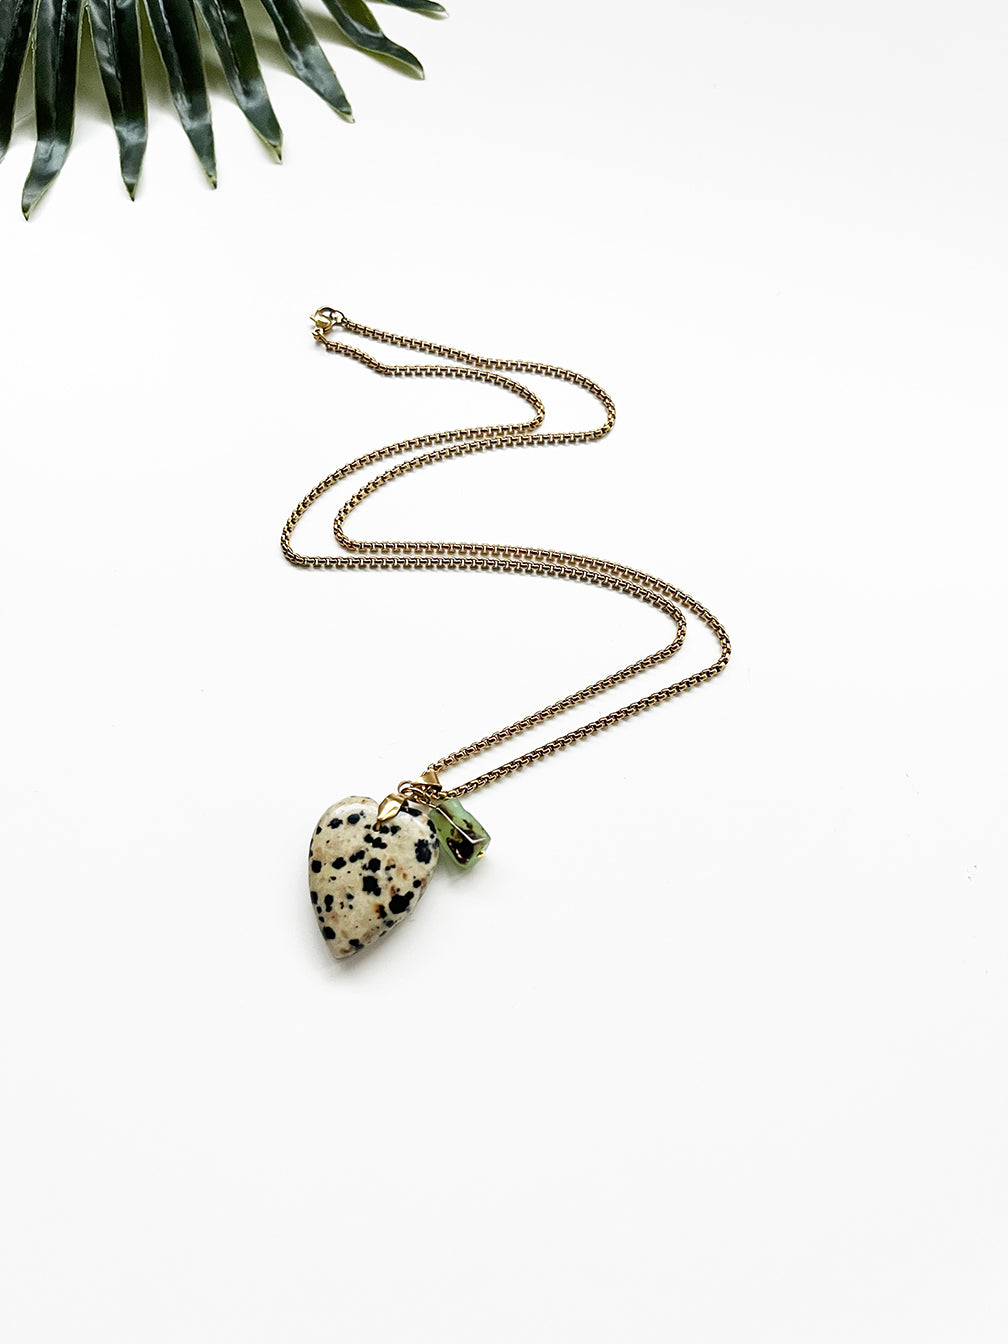 touchstone necklace - dalmatian jasper and chrysoprase
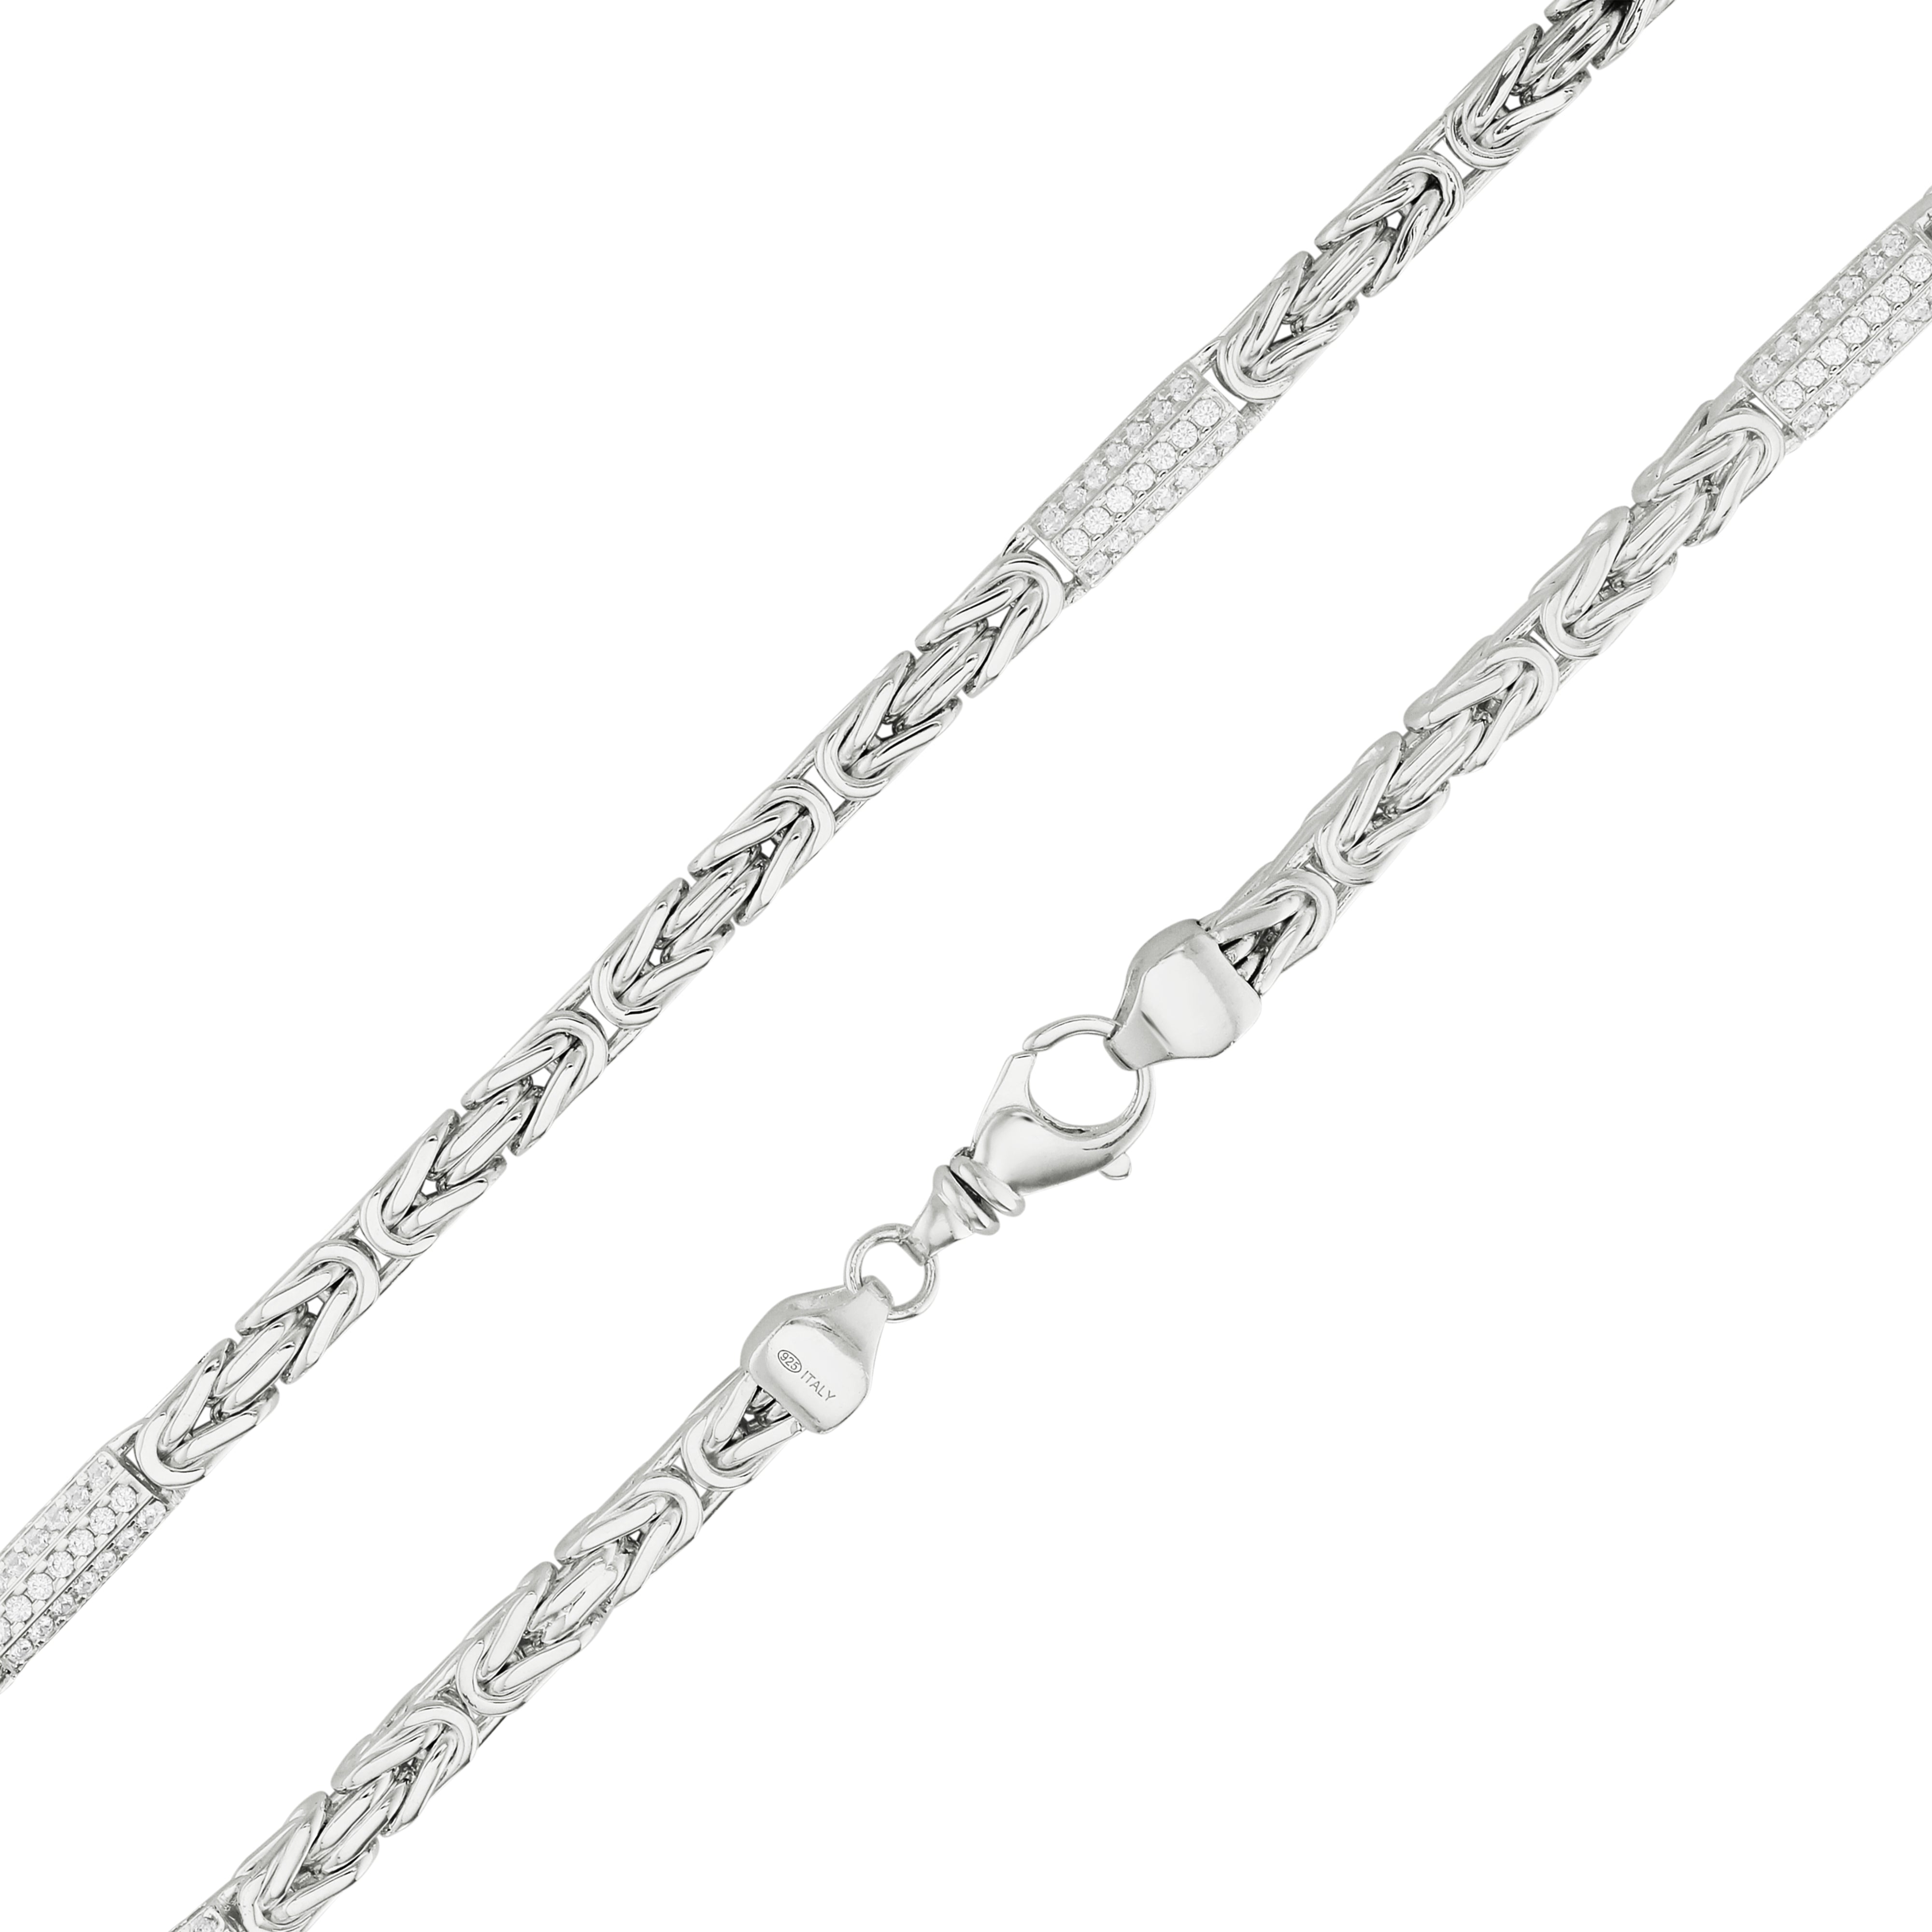 Byzantine chain 4mm wide - 925 silver
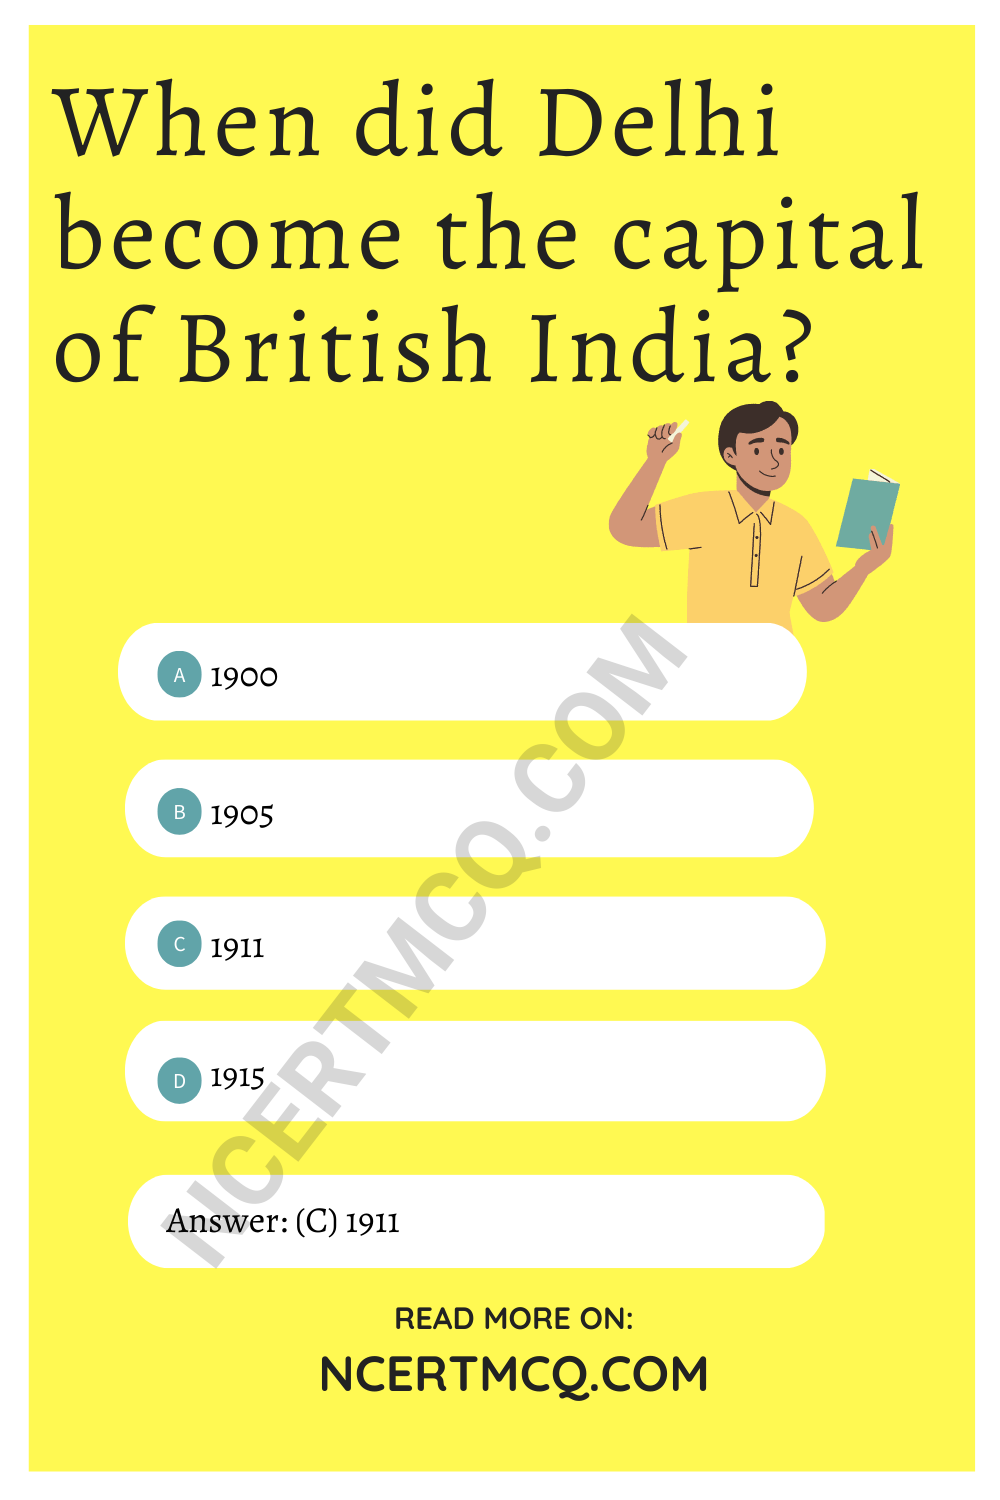 When did Delhi become the capital of British India?
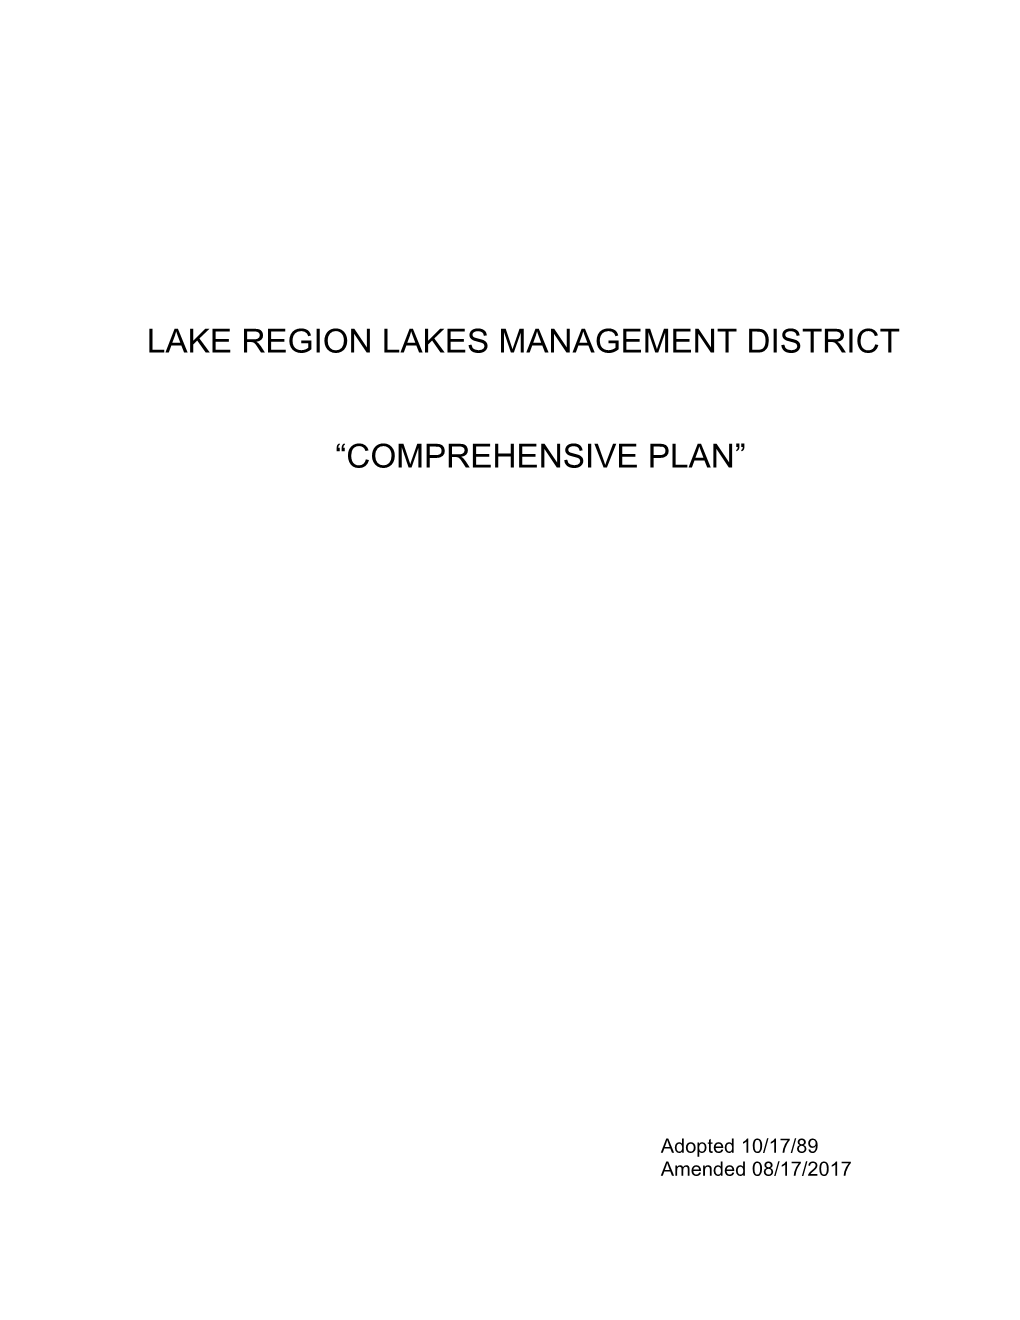 Lake Region Lakes Management District

→ **Work order**
Return the listing above word for word, with the pictures removed.

→ **Problem solution**
 touchstone necklace - dalmatian jasper and chrysoprase
 Byzantine chain 4mm wide - 925 silver
 When did Delhi become the capital of British India?
 Lake Region Lakes Management District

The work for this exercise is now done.